As mentioned above, the empirical data of entry screening was summarized according to the week of observation; thus, it was not feasible to precisely estimate the daily incidence. For this reason, we decided to take advantage of the discrete data and assumed that the prevalence and incidence were in quasi-equilibrium within each single reporting interval (i.e., prevalence and incidence took constant values every 2 weeks), denoted by p* and i*. This assumption allowed us to have

$${i}^{\ast }(t)\cong {i}^{\ast}\left(t-1\right)\cong {i}^{\ast}\left(t-2\right)\dots \cong {i}^{\ast}\left(t-k\right)$$

and

$${p}^{\ast }(t)={i}^{\ast }(t)\sum_{k=0}^tf(k)\varGamma (k),$$

yielding an estimator

$${i}^{\ast }(t)=\frac{p^{\ast }(t)}{\sum_{k=0}^tf(k)\varGamma (k)}.$$
(2)

In this approximation, we can consider that the prevalence p* divided by the sum of f(k)Γ(k), which was assumed to be equal to the daily incidence in the corresponding weekly interval. In fact, the product of f(k)Γ(k) is assumed to be represented by one of the three empirical datasets mentioned above.

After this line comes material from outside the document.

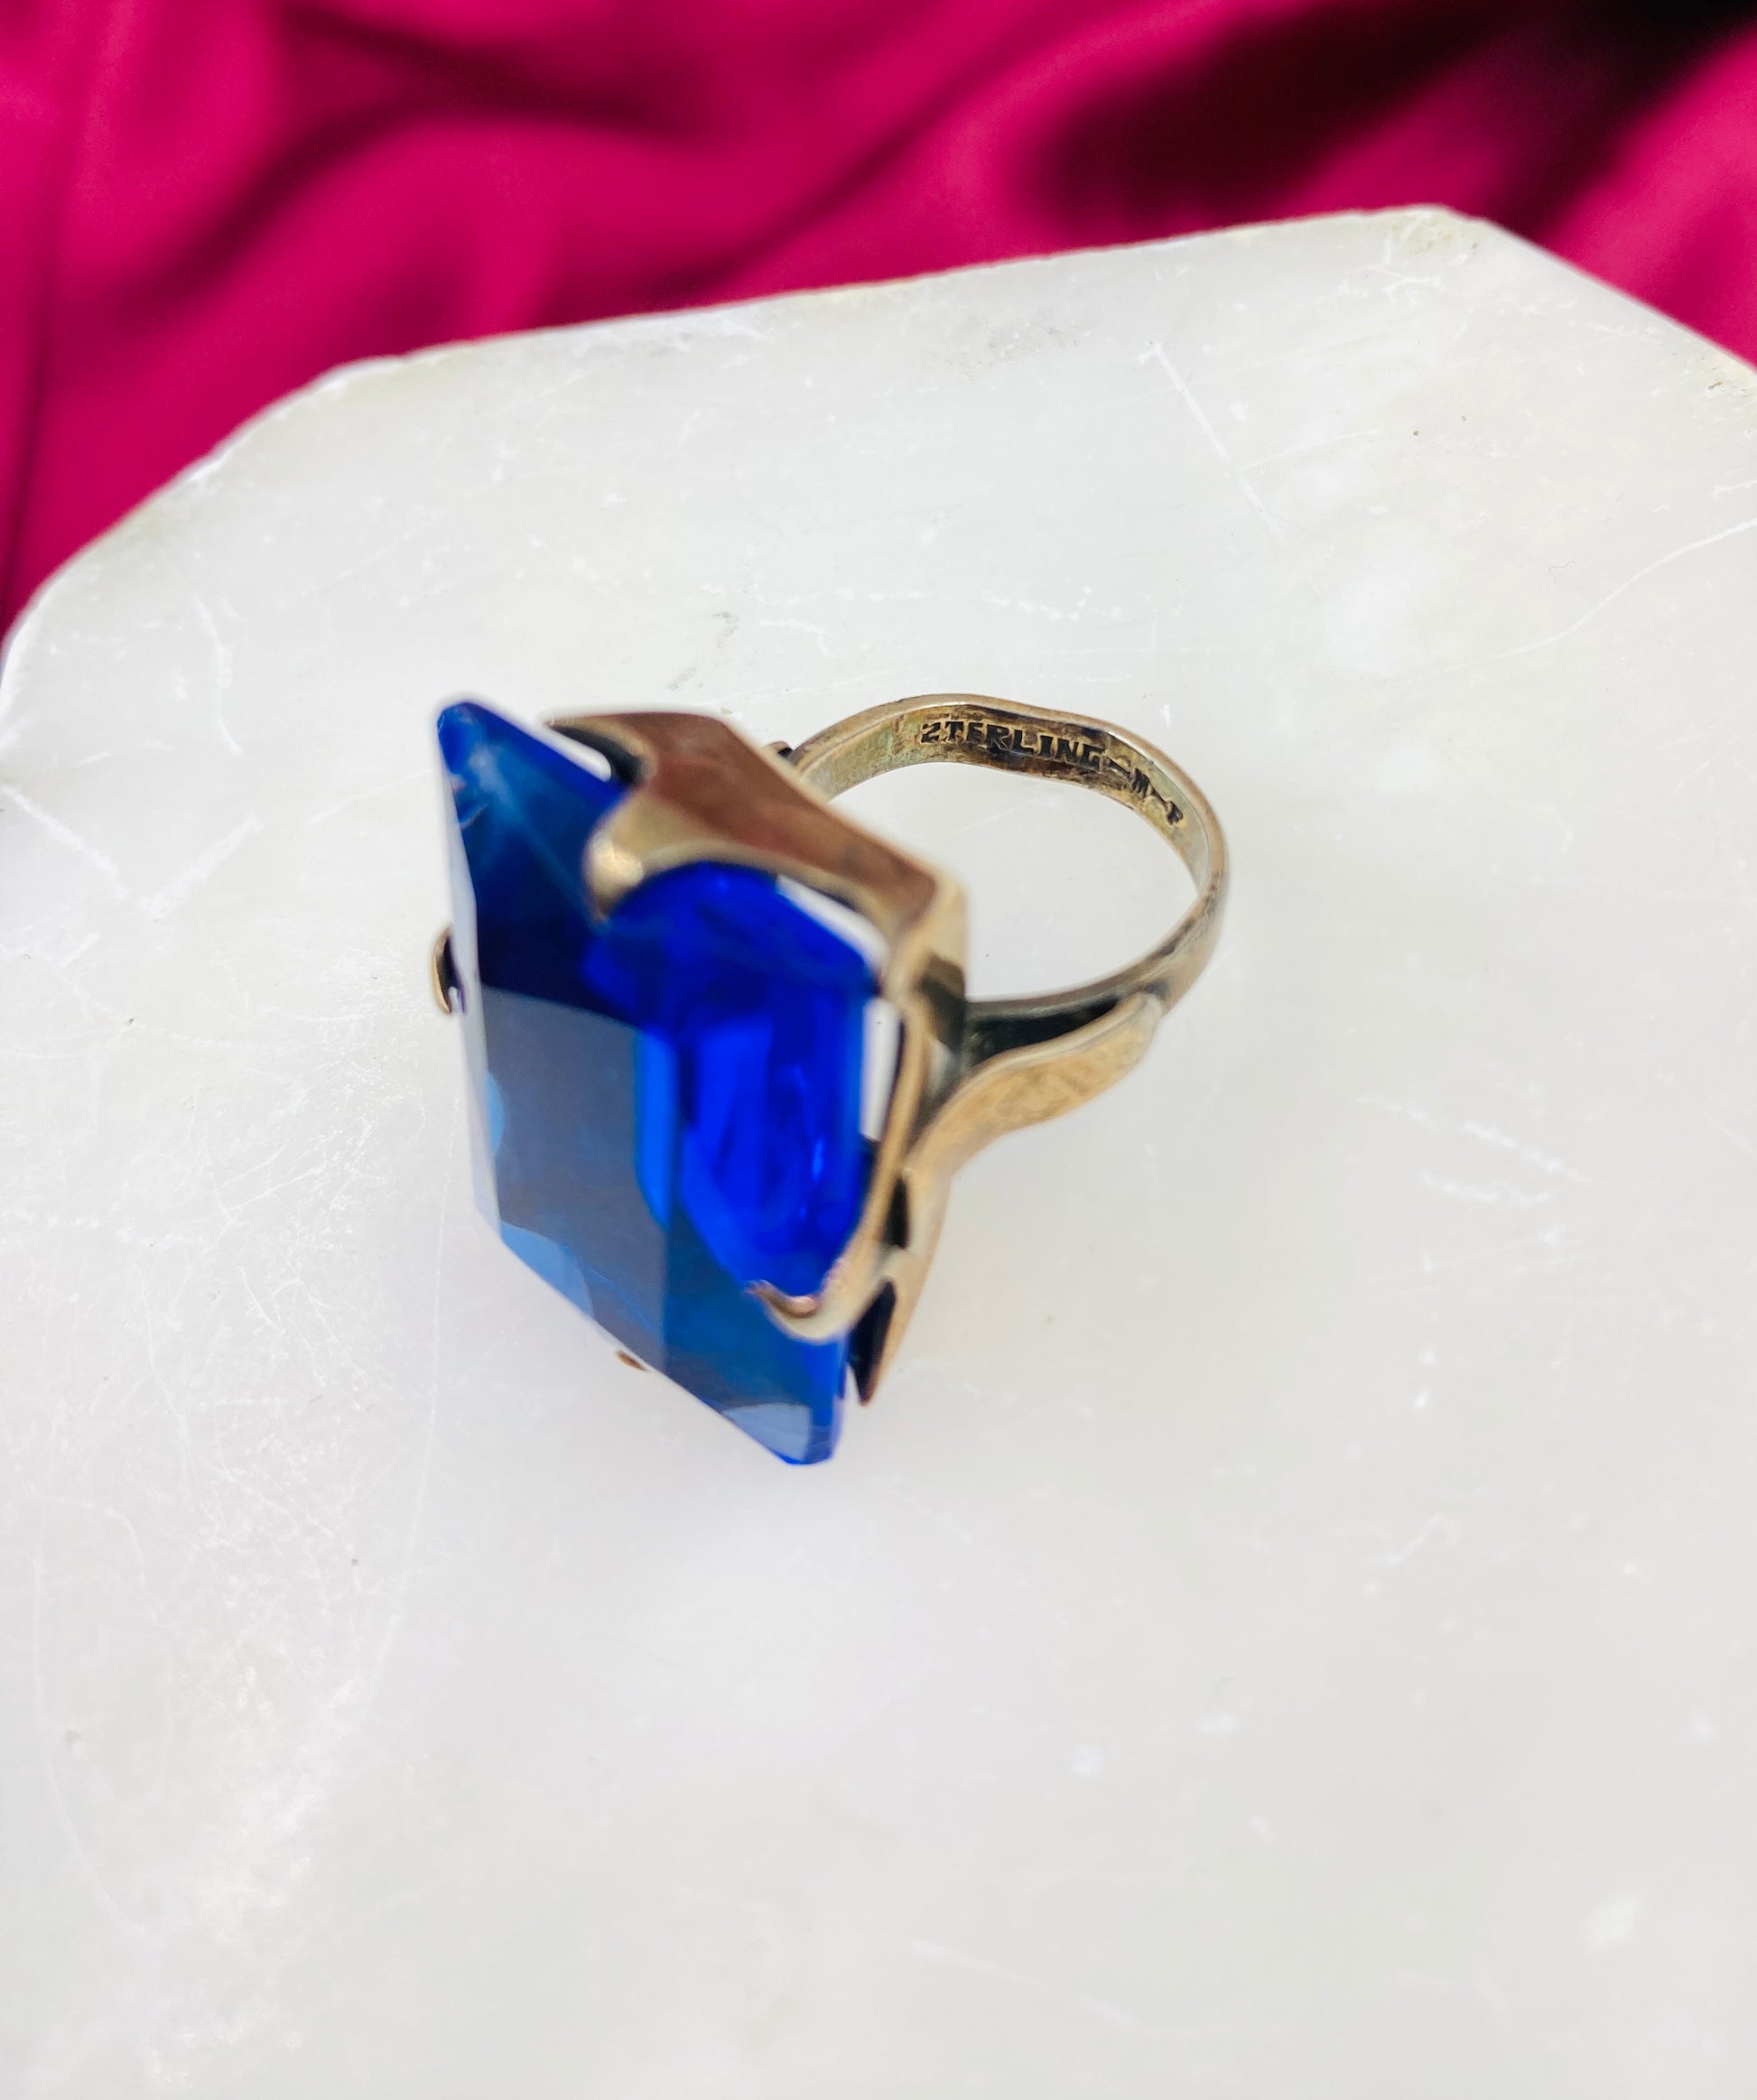 Vintage Art Deco Large Emerald Cut Blue Glass Stone Ring, Size 4.5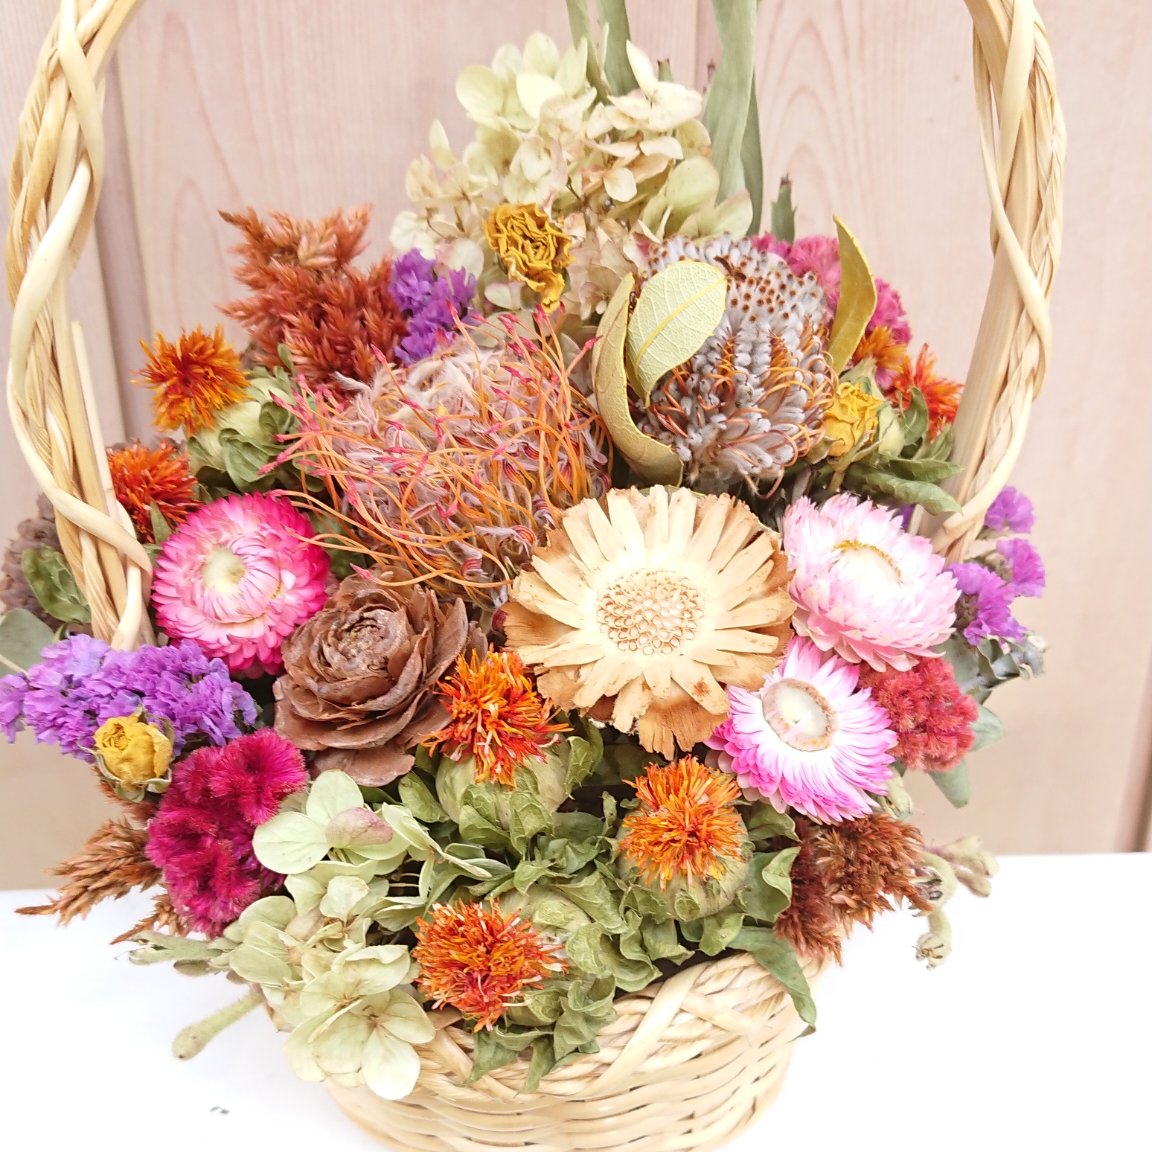 Flowerstory Hijiri On Twitter ピンクッションとバンクシアのバスケットアレンジ ドライフラワー フラワーアレンジメント 花のある暮らし 花好きな人と繋がりたい

The maximum likelihood method was used to compute the weekly prevalence using a binomial distribution, which also informs the uncertainty bound of the daily incidence (assuming constant daily incidence for every 2 weeks) using eq. (2). Subsequently, on the basis of the obtained daily incidence results, cumulative incidence of infection was computed, and confidence interval of the incidence was calculated using the parametric bootstrap method. While obtaining the estimate, it should be noted that the present study did not impose any specific assumption over re-infection; while a part of published studies implied the presence of re-infection [3, 23, 32], a large-scale analysis in South African indicated the absence of re-infection [33]. Comparing the estimate against reported values, ascertainment ratios were computed over the course of time. The ascertainment ratio was defined as the ratio of the estimated number of COVID-19 infections to the documented number of cases. The 95% confidence intervals (CIs) of daily incidence were computed using the profile likelihood. When illustrating the prevalence, its 95% CIs were calculated using the Wilson score method.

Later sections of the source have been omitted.